Zulhas terpukau saat melihat arsitektur Pasar Ketidur yang dibangun Wali Kota Mojokerto itu berkonsep Majapahit tanpa plester dinding. Ia berharap konsep pasar rakyat seperti di Kota Mojokerto ini dapat diterapkan di daerah-daerah lain.

"Saya meresmikan pasar yang dibangun dengan anggaran Kemendag oleh Wali Kota Mojokerto. Ibu Wali Kota bagus sekali, bahkan anggarannya tidak habis, tapi pasarnya bagus, sirkulasi udaranya bagus, natanya bagus, pokoknya keren lah. Mudah-mudahan dengan ini Mojokerto tambah maju," kata Zulhas di lokasi, Senin (20/3/2023).

Dalam kesempatan itu, Zulhas mengatakan bahwa pasar rakyat memiliki peran strategis sebagai urat nadi ekonomi rakyat. Ia menilai, keberadaan pasar rakyat sangat penting bagi tumbuh kembang ekonomi di Indonesia.

"Pasar rakyat sangat strategis sebagai urat nadi ekonomi rakyat.
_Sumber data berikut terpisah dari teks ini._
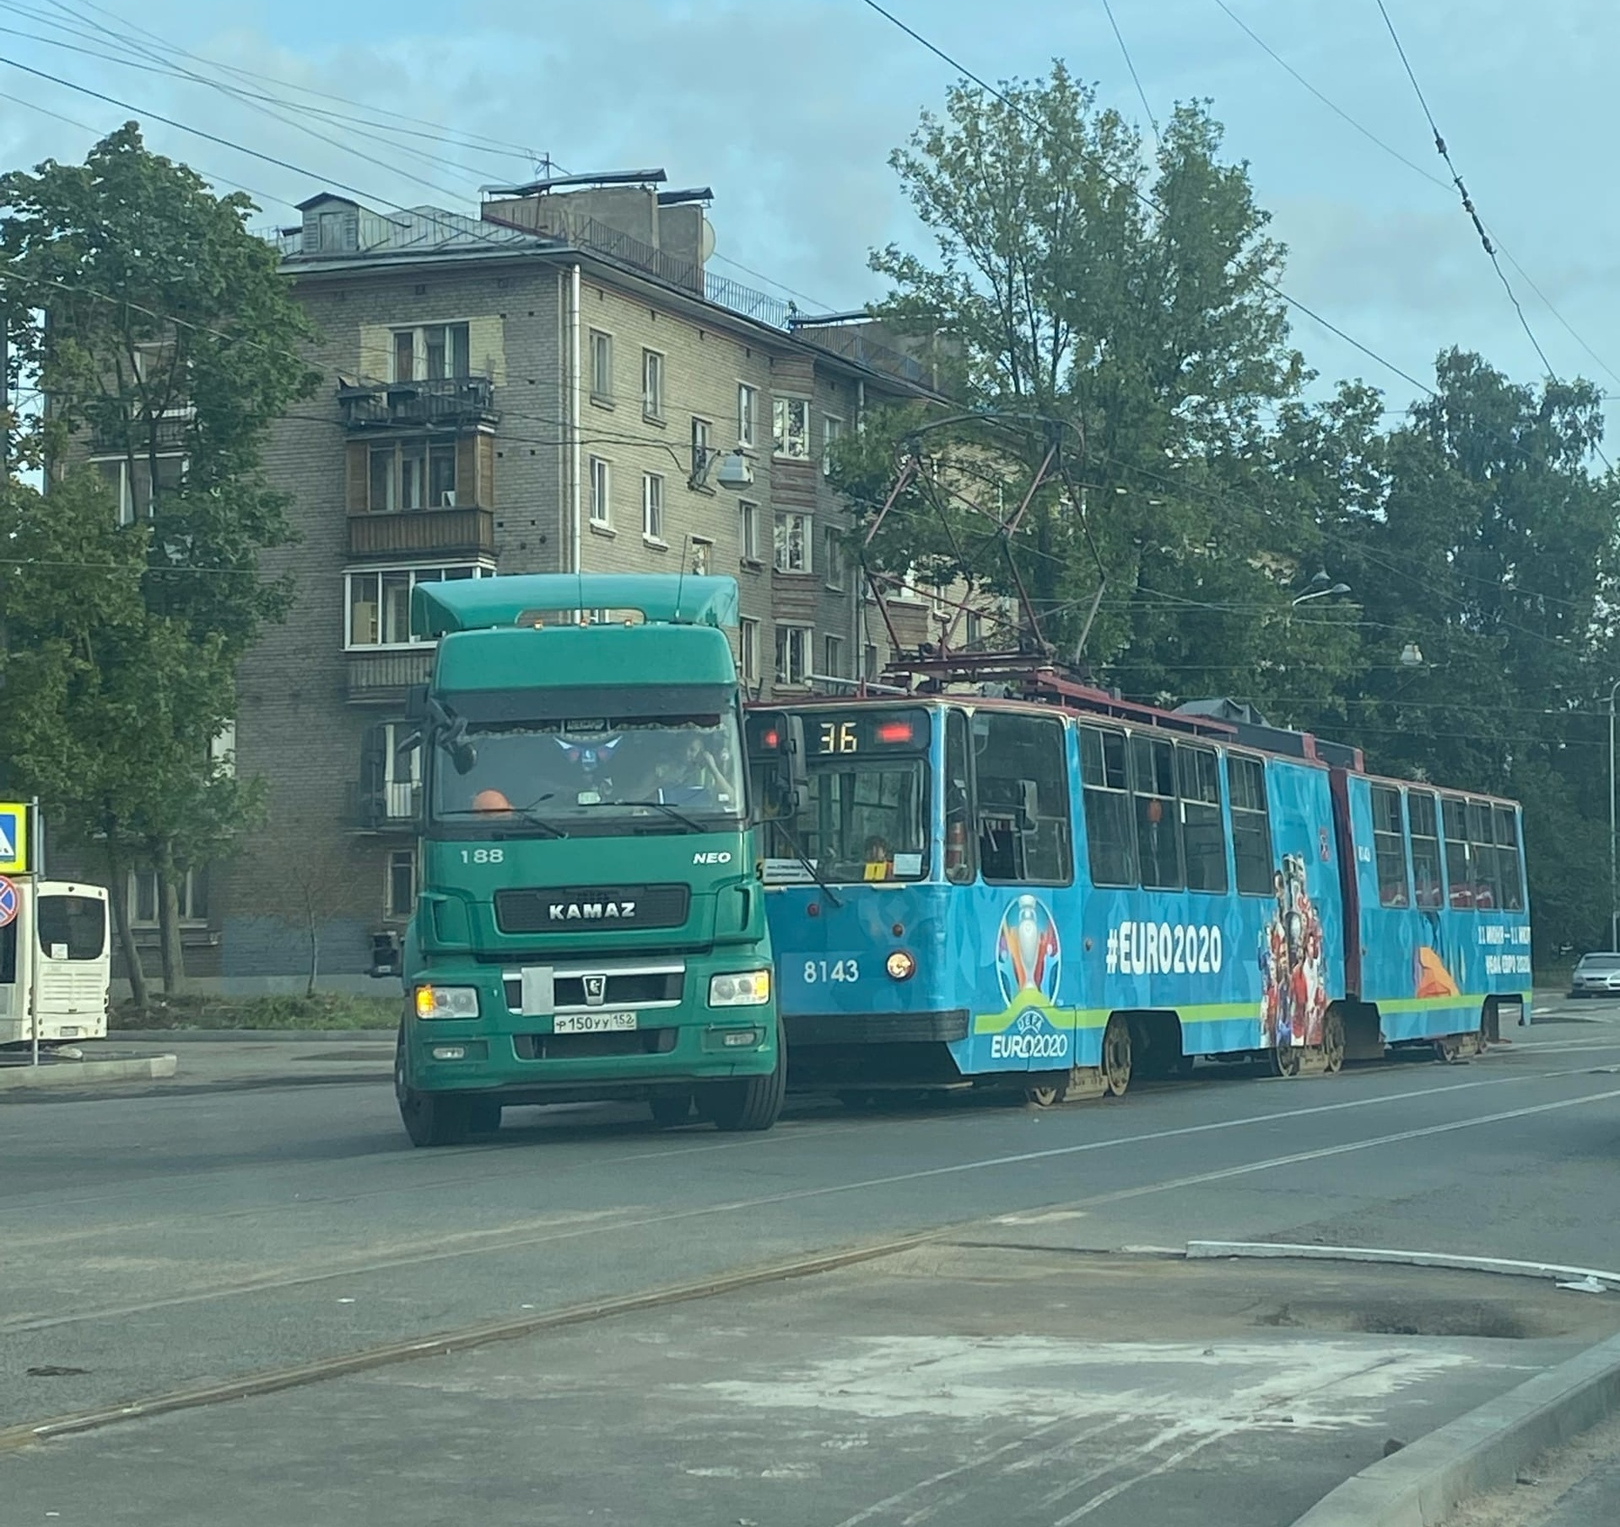 ДТП в сине-зелёных тонах. На Кронштадтской КАМАЗ подставился под трамвай
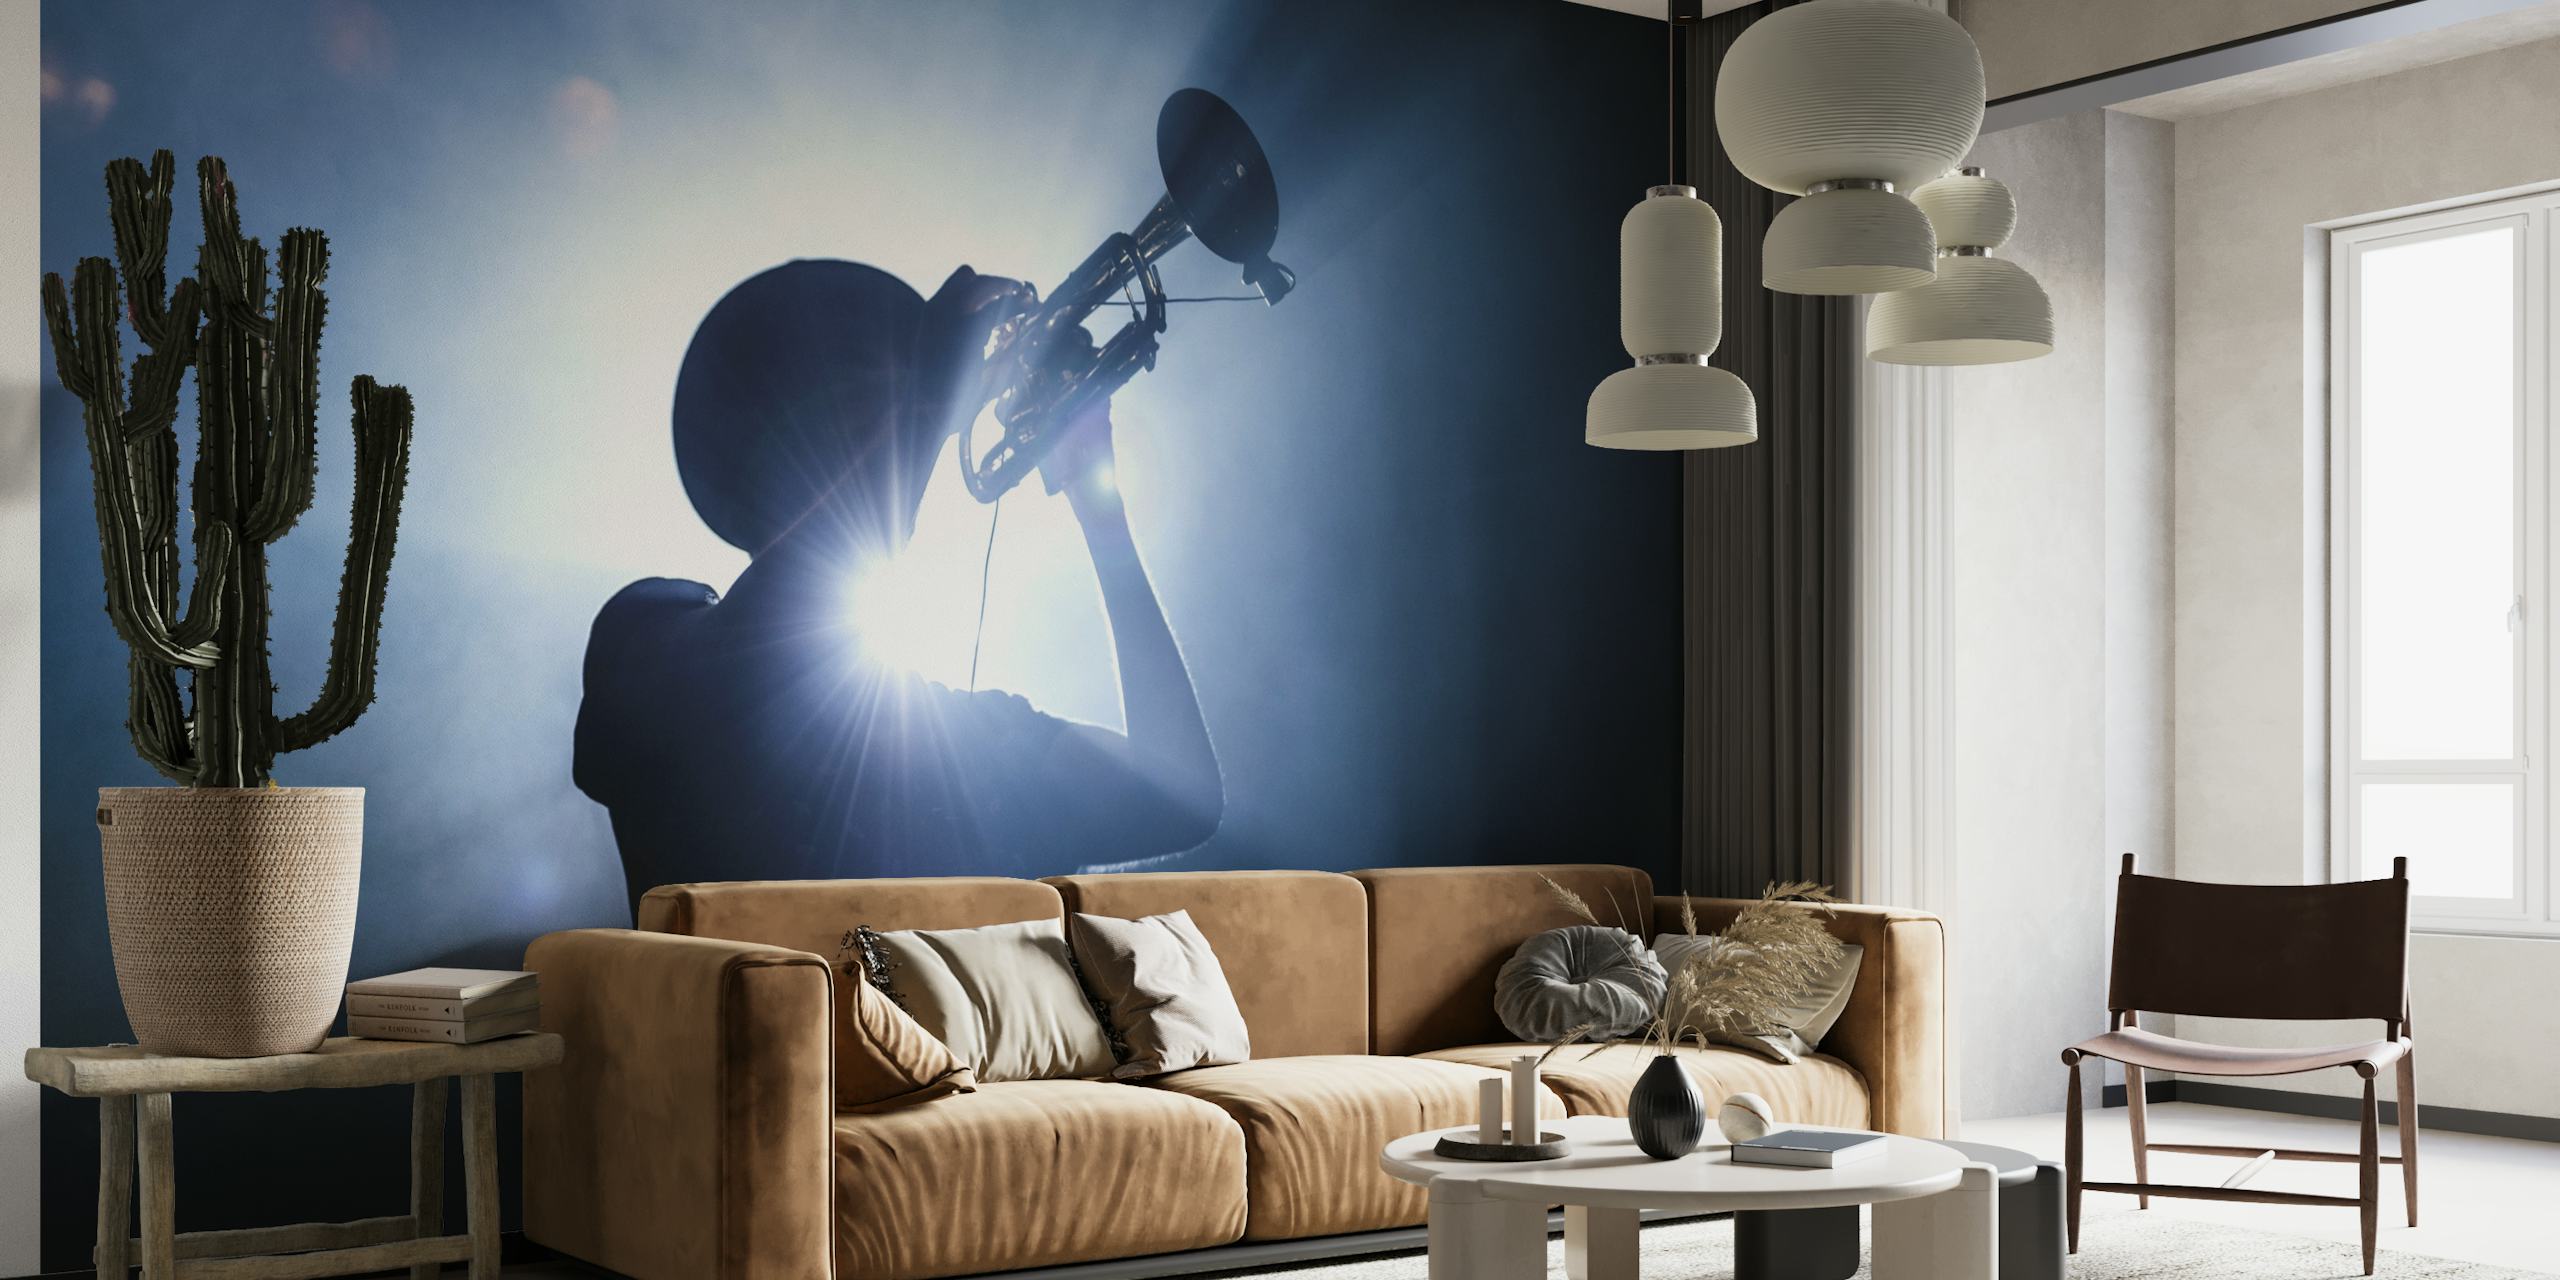 La silueta de un trompetista sobre un fondo iluminado y de mal humor, crea una imponente imagen mural en la pared.

Bahkan saya mengampanyekan berbelanja di pasar rakyat. Kalau sarana prasarana pasar rakyat bagus, daerahnya akan berkembang," ujarnya.

Di samping itu, menurut Zulhas, pasar rakyat juga berperan dalam memantau harga barang kebutuhan pokok. Pemantauan melalui pasar rakyat tersebut bisa dilakukan setiap hari.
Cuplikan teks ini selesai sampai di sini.